Show every line of the data below that includes the word "Images".

▶ DATA SUPPLIED:

========================================================================

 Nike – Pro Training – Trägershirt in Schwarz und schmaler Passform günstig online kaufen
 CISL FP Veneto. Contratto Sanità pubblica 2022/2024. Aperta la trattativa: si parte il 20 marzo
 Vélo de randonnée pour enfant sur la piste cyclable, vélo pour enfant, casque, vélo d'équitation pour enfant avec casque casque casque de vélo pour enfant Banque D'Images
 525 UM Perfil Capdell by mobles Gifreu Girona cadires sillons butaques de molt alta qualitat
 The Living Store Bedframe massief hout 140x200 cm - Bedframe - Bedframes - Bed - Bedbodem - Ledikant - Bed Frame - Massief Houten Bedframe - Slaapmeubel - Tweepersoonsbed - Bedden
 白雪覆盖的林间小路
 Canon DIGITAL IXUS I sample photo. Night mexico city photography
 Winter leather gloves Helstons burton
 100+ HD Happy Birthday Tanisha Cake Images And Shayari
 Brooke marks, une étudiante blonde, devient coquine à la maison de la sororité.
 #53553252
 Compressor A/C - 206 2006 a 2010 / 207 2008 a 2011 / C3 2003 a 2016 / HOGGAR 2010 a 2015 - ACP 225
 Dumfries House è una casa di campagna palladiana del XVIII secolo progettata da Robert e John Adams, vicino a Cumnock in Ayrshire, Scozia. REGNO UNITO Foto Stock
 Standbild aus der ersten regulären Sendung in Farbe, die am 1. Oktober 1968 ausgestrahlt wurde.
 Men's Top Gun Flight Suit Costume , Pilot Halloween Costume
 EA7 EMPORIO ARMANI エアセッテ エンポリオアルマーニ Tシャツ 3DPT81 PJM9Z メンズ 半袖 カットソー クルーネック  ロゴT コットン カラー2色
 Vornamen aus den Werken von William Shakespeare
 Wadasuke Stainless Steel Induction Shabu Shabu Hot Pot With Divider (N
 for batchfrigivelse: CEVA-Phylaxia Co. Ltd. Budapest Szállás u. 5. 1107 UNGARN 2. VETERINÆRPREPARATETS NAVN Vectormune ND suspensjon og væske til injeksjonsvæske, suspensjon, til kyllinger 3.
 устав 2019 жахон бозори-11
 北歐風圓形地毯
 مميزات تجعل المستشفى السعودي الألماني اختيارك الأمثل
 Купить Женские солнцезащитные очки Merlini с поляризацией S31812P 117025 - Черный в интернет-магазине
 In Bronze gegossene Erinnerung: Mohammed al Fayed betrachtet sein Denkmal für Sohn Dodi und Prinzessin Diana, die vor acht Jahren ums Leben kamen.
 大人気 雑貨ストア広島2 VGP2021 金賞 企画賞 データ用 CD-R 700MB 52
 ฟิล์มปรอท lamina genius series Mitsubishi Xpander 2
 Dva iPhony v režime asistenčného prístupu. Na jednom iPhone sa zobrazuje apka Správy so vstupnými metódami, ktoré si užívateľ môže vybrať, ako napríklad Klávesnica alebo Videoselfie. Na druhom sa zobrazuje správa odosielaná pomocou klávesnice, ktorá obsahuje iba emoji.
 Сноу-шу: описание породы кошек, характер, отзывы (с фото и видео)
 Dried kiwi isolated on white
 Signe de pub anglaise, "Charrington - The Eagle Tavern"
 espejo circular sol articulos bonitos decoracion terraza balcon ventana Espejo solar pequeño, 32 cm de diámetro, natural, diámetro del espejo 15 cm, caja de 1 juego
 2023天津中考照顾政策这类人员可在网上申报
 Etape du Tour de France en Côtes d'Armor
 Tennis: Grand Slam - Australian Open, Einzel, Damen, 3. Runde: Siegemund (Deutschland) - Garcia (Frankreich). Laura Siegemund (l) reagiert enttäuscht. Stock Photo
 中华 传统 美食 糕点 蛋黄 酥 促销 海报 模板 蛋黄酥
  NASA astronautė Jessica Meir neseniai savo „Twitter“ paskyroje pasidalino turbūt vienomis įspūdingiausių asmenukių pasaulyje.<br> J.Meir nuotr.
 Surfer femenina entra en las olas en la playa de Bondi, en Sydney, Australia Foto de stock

========================================================================

▶ RESPONSE FOR THIS EXERCISE:
 Vélo de randonnée pour enfant sur la piste cyclable, vélo pour enfant, casque, vélo d'équitation pour enfant avec casque casque casque de vélo pour enfant Banque D'Images
 100+ HD Happy Birthday Tanisha Cake Images And Shayari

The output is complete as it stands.